━━ DATASET

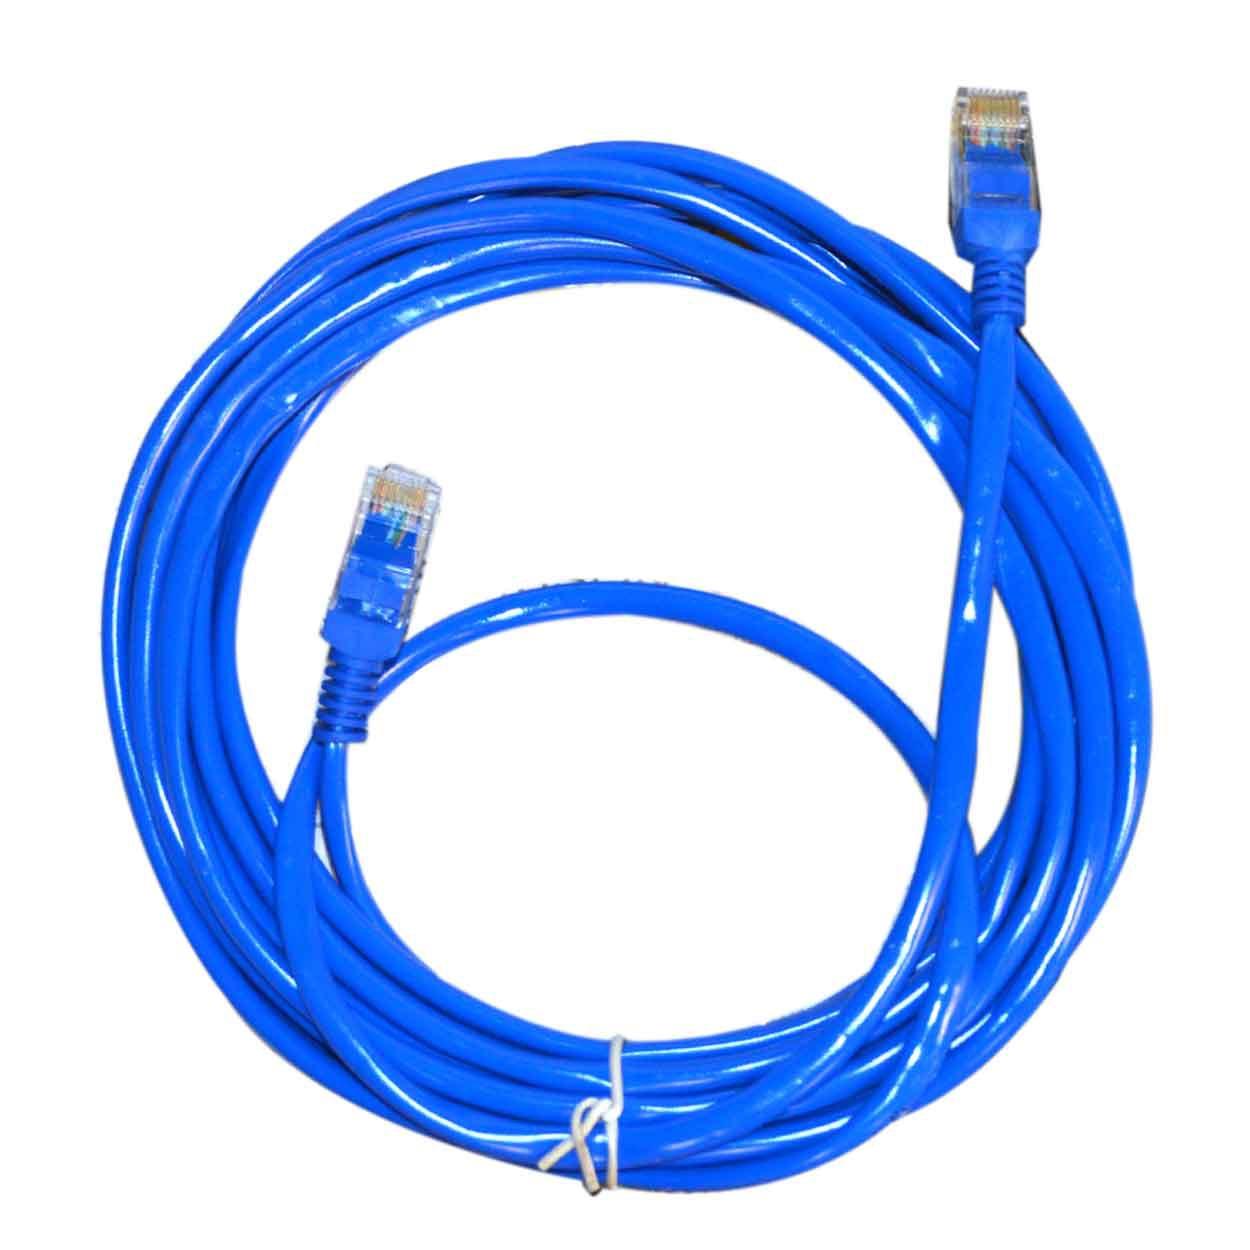 کابل شبکه CAT5e ونوس مدل PV-K933 طول 3 متر
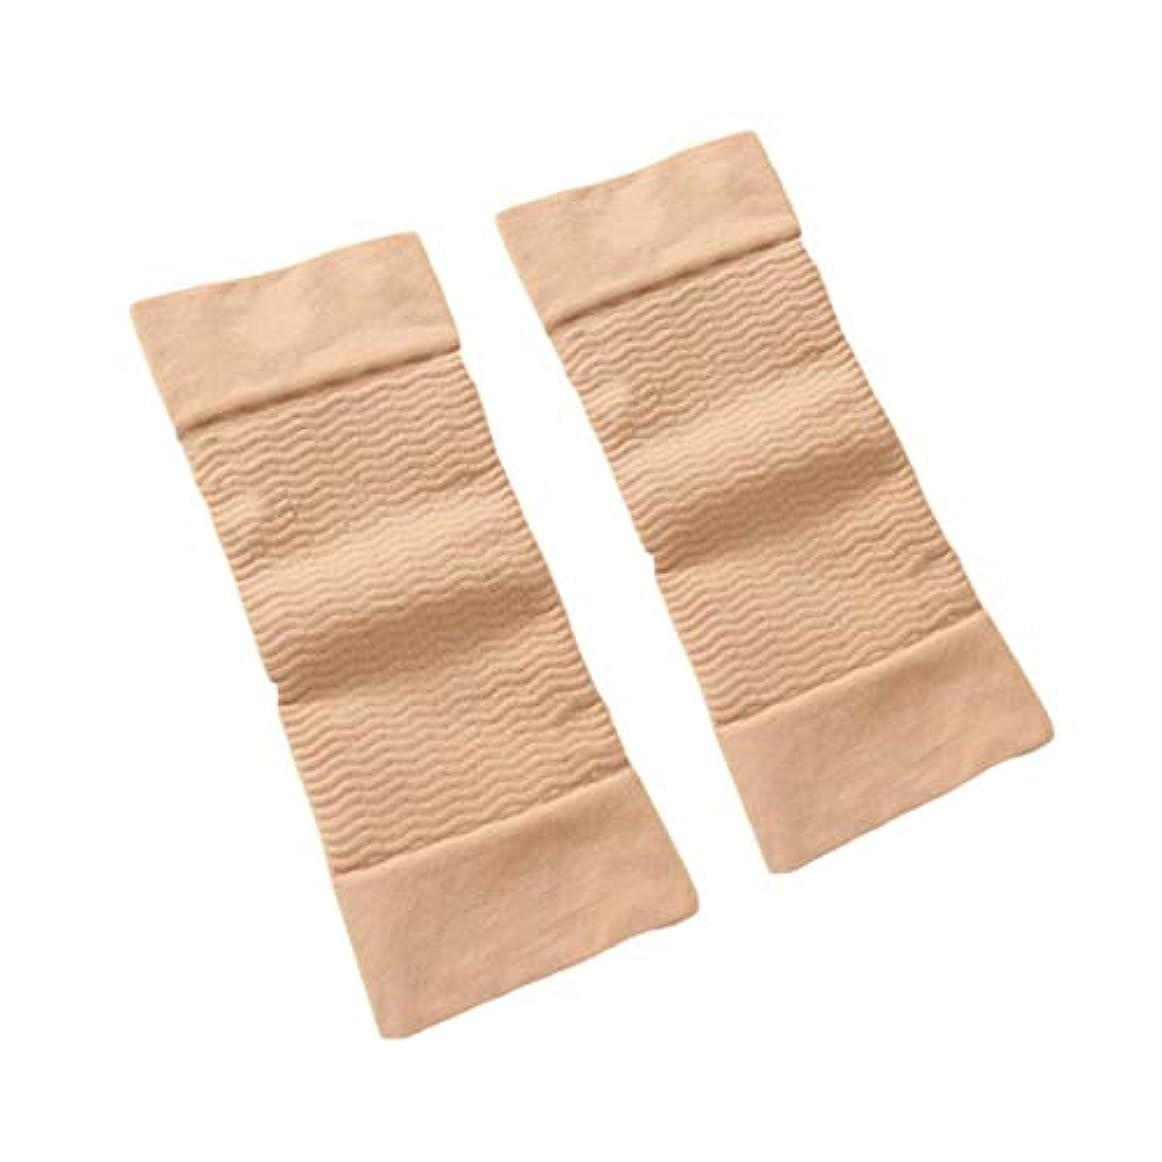 欺保守的楕円形1ペア420 D圧縮痩身アームスリーブワークアウトトーニングバーンセルライトシェイパー脂肪燃焼袖用女性 - 肌色
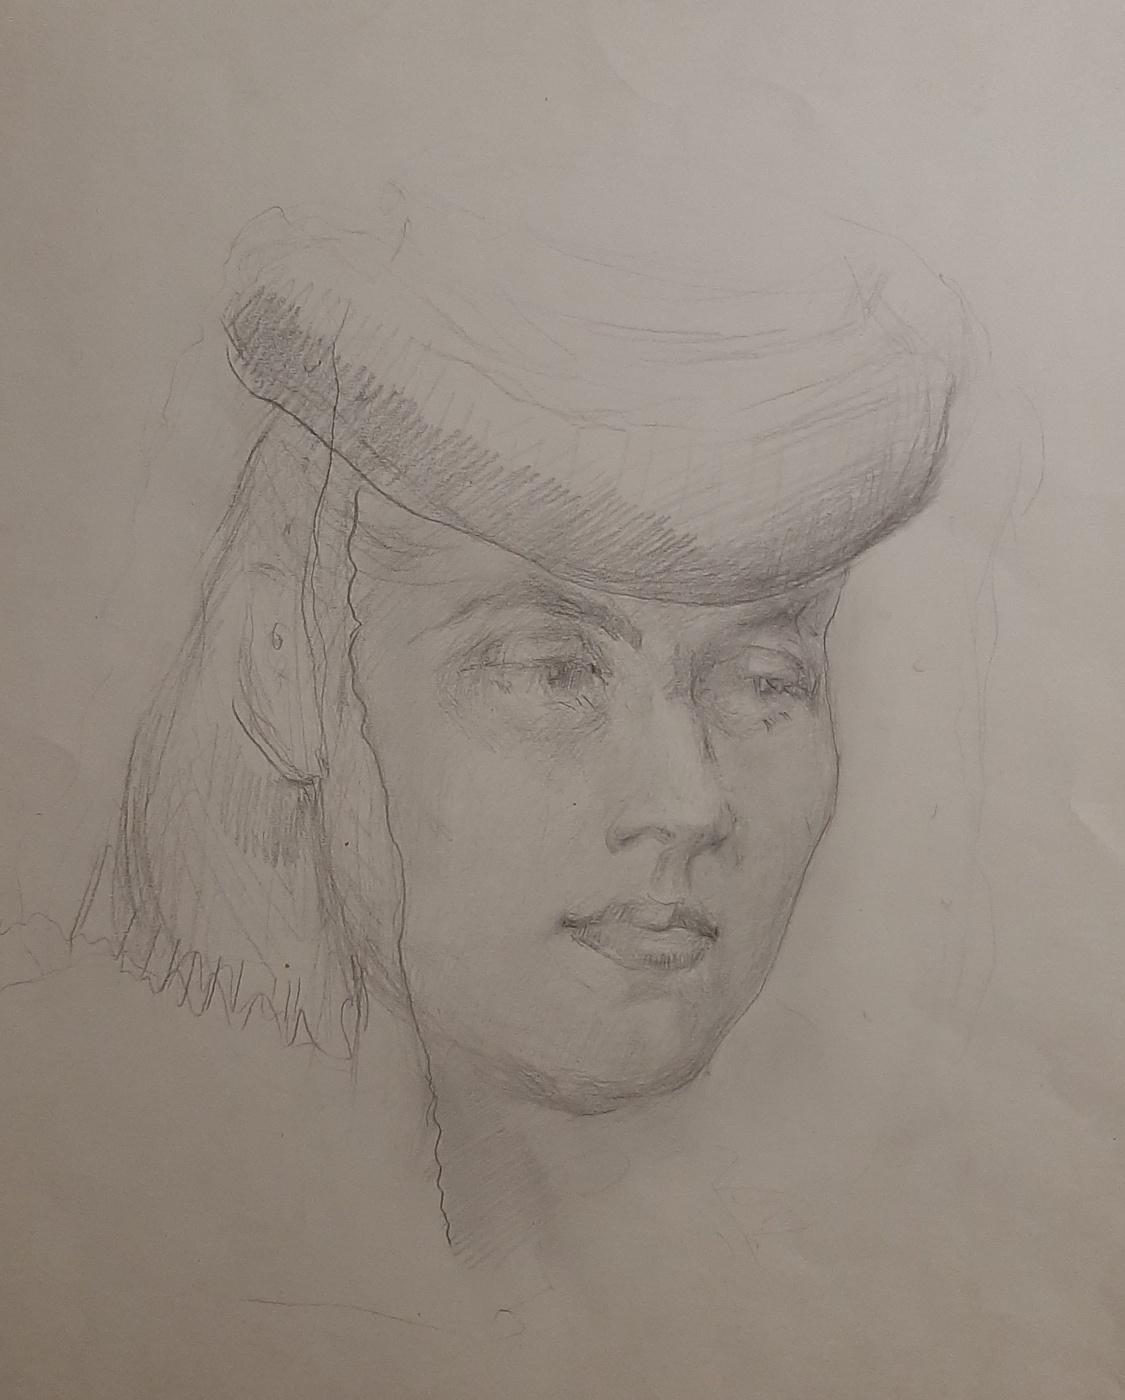 Natalia Agapieva - Zakharova. Female portrait. In the national headdress.
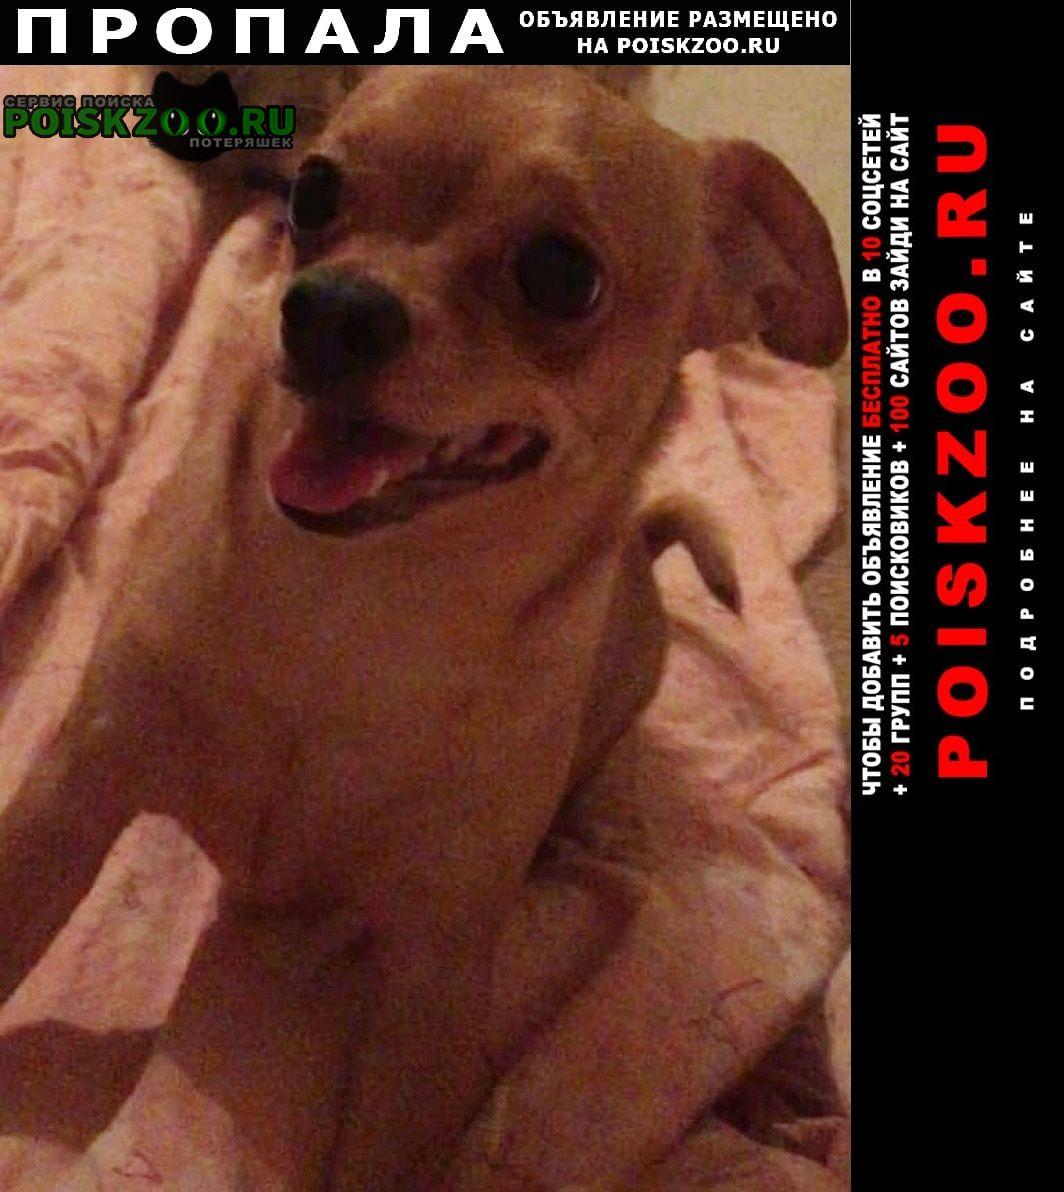 Пропала собака помогите пожалуйста Донецк Донецкая обл.
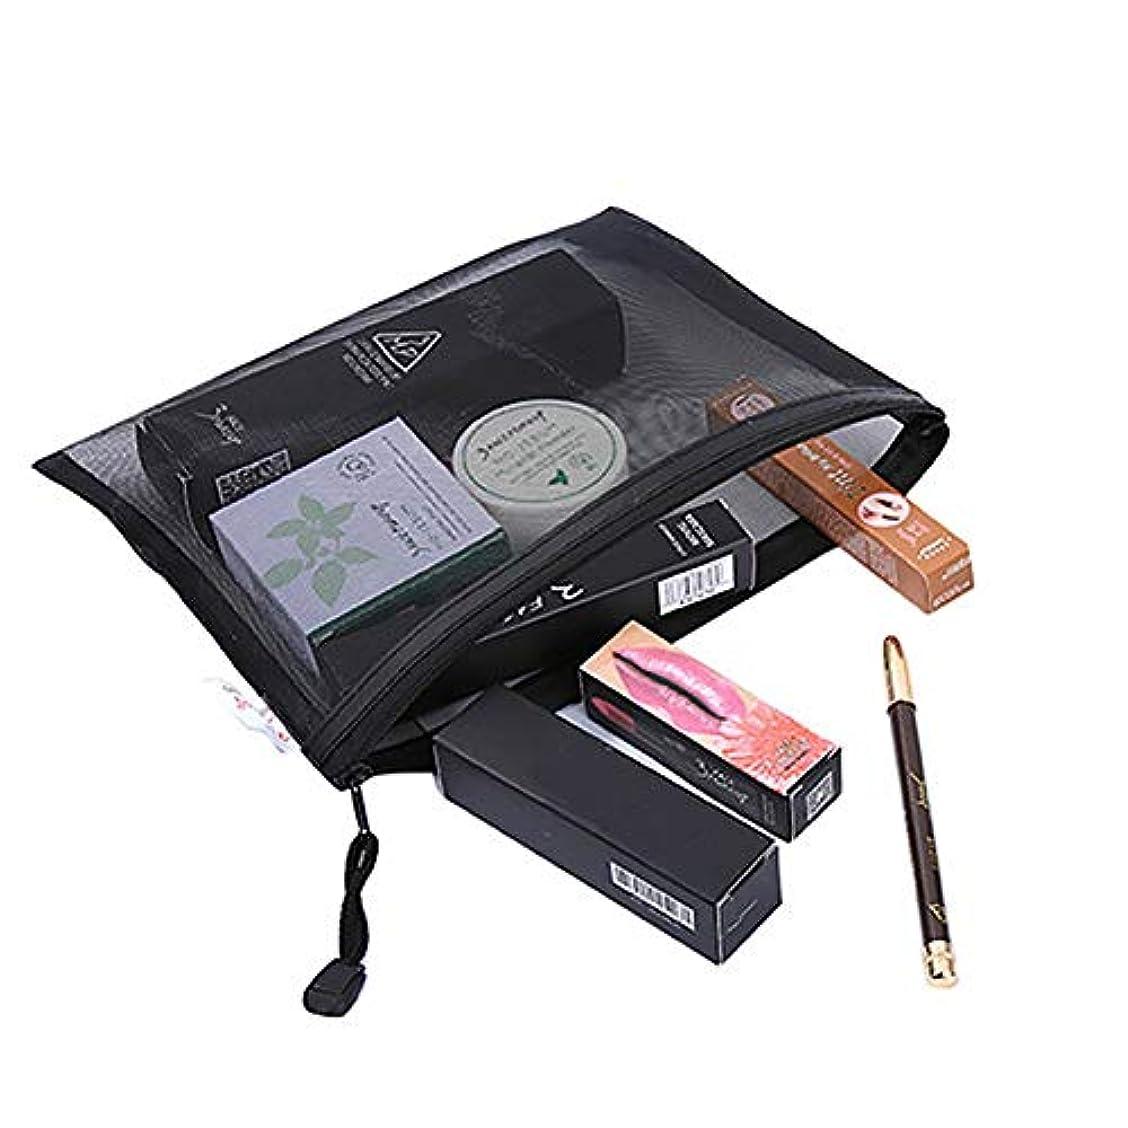 泥沼拡声器テレックスXiton 1PC黒のメッシュジップロック収納袋化粧バッグ旅行化粧品袋主催の多機能ペンクリアメッシュバッグ(黒)

━━━━

• _PROBLEM STATEMENT_
Each record above goes into the copy unchanged; the pictures do not.

• _WRITTEN SOLUTION_
 کابل شبکه CAT5e ونوس مدل PV-K933 طول 3 متر
 欺保守的楕円形1ペア420 D圧縮痩身アームスリーブワークアウトトーニングバーンセルライトシェイパー脂肪燃焼袖用女性 - 肌色
 Natalia Agapieva - Zakharova. Female portrait. In the national headdress.
 Пропала собака помогите пожалуйста Донецк Донецкая обл.
 泥沼拡声器テレックスXiton 1PC黒のメッシュジップロック収納袋化粧バッグ旅行化粧品袋主催の多機能ペンクリアメッシュバッグ(黒)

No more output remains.